Hi.. I've run into a bit of whackiness that I'm at a loss to explain, I've tried this on 3 different machines (all running some flavor of linux), and the behaviour repeats. Perhaps I'm incorrect in my use of printf, but I've found nothing indicating this..

I'm attempting to round a number to 2 decimal places:
my (@numbers) = qw( 0.256 0.255 0.254 ); printf("%0.2f\n", $_) foreach @numbers; printf("%0.2f\n", 1.255);
I'd expect results like:
0.26 0.26 0.25 1.26
But what I'm seeing are results like:
0.26 0.26 0.25 1.25
Notice the 1.25 vs 1.26 that I'd expect..

As I said, I'm confused.. feel free to smite me down if I've pulled some kind of noob mistake.

Replies are listed 'Best First'.
Re: Rounding a number using (s)printf
by dave_the_m (Monsignor) on Jan 19, 2005 at 22:26 UTC
    0.255 and 1.255 are not exactly representable in base-2 floating point:
    $ perl -we 'printf "%.20f\n", 0.255' 0.25500000000000000444 $ perl -we 'printf "%.20f\n", 1.255' 1.25499999999999989342
    when the internal represenations of these two numbers are then rounded to 2 decimal places, one rounds up, the other down.


Re: Rounding a number using (s)printf
by borisz (Canon) on Jan 19, 2005 at 22:36 UTC
    Floating point numbers are not exactly represented.
    perl -e 'printf "%.18f", 1.255' __OUTPUT__ 1.254999999999999893
    so 1.25 is the correct result.
Re: Rounding a number using (s)printf
by data64 (Chaplain) on Jan 20, 2005 at 03:56 UTC
Re: Rounding a number using (s)printf
by hsinclai (Deacon) on Jan 19, 2005 at 22:31 UTC
    Does leaving the 0 preceding the decimal point out of the formatting directive change anything?
    printf("%.2f\n", 1.255);

Re: Rounding a number using (s)printf
by duff (Parson) on Jan 20, 2005 at 00:38 UTC

    It don't think it has anything to do with how the numbers are represented in floating point. I think what you're seeing is a result of sprintf() following IEEE rounding semantics. It's something like even least significant digits round up at the half-way mark and odd round down at the half-way mark.

    Search google for IEEE rounding semantics and I'm sure you'll find a better reference than I.
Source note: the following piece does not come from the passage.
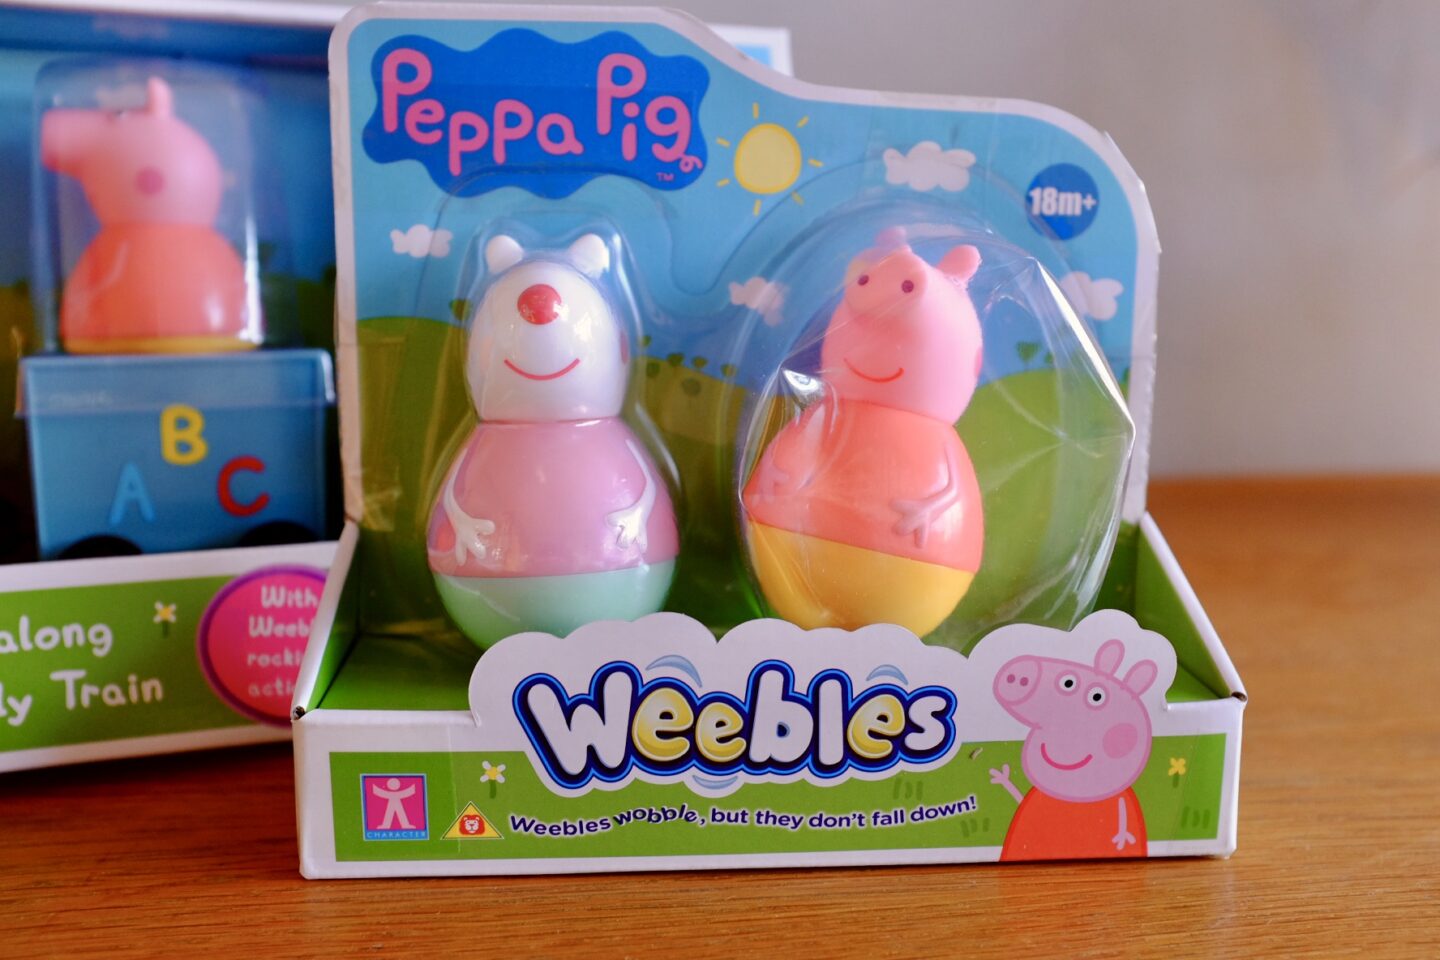 Peppa Pig Weebles Figures
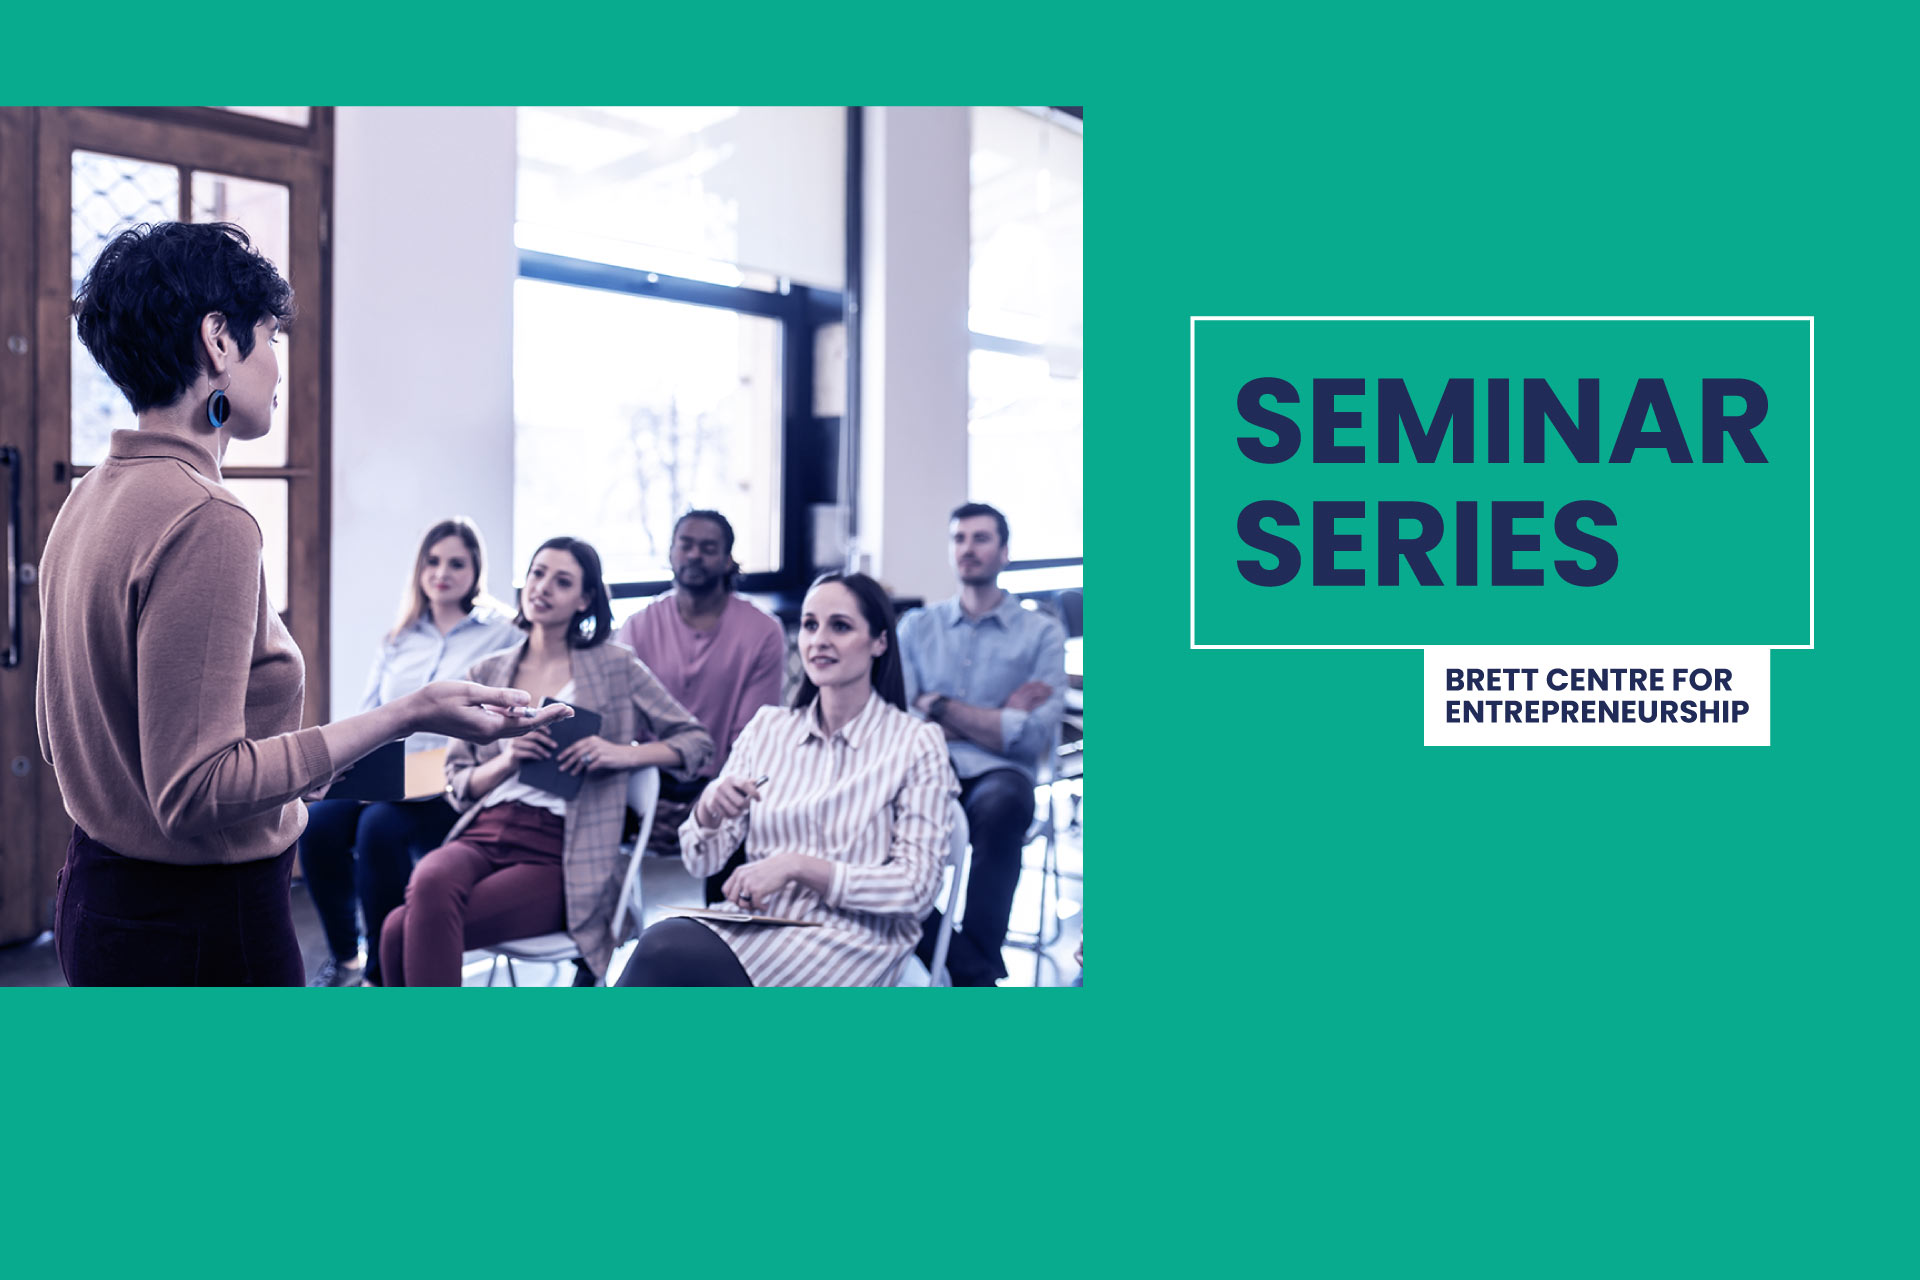 Brett Centre for Entrepreneurship - Seminar Series

    Update: doh! There's even a mention in perldoc -q round

      You mean bankers rounding? That's not what's happening here. As you said yourself, the least significant digits play a role here. But the difference between 0.255 and 1.255 lies is the most significant digit.
      Did you try it? It has everything to do with how numbers are represented in floating point. There are numbers that can be exactly represented in floating point where the rounding is ambiguous, e.g. printf "%.1f", $_ for .25, .75, and a round-to-even-last-digit rule could apply, but in fact perl relies on C's printf(), and the SUSv3 standard says only "The low-order digit shall be rounded in an implementation-defined manner." Depending on how you interpret "rounded" in that sentence, you may not even be able to count on it rounding .24 to ".2".

      In point of fact, I don't know of any system that fails to round at all, but do know of some that do not consistently either apply or fail to apply a round-to-even-last-digit rule.

Re: Rounding a number using (s)printf
by nite_man (Deacon) on Jan 20, 2005 at 08:50 UTC

    This is a mathematical rule of rounding of numbers: if digit before last visible digit is greater than 5 last digit is increased by 1, otherwise the digit saves its value.

    So, 0.256 ~ 0.26, 0.255 ~ 0.25, 0.254 ~ 0.25. This is correct results.

    Michael Stepanov aka nite_man

    It's only my opinion and it doesn't have pretensions of absoluteness!

      Could you please first to read the entire question before babbling your response?

      First of all, you're wrong. The OP expected the results for 0.256, 0.255 and 0.254 to be 0.26, 0.26 and 0.25. And lo and behold, they were 0.26, 0.26 and 0.25. Because everyone learns in primary school that if the part we truncate starts with 5 or greater (and not "greater than 5"), we up the last digit.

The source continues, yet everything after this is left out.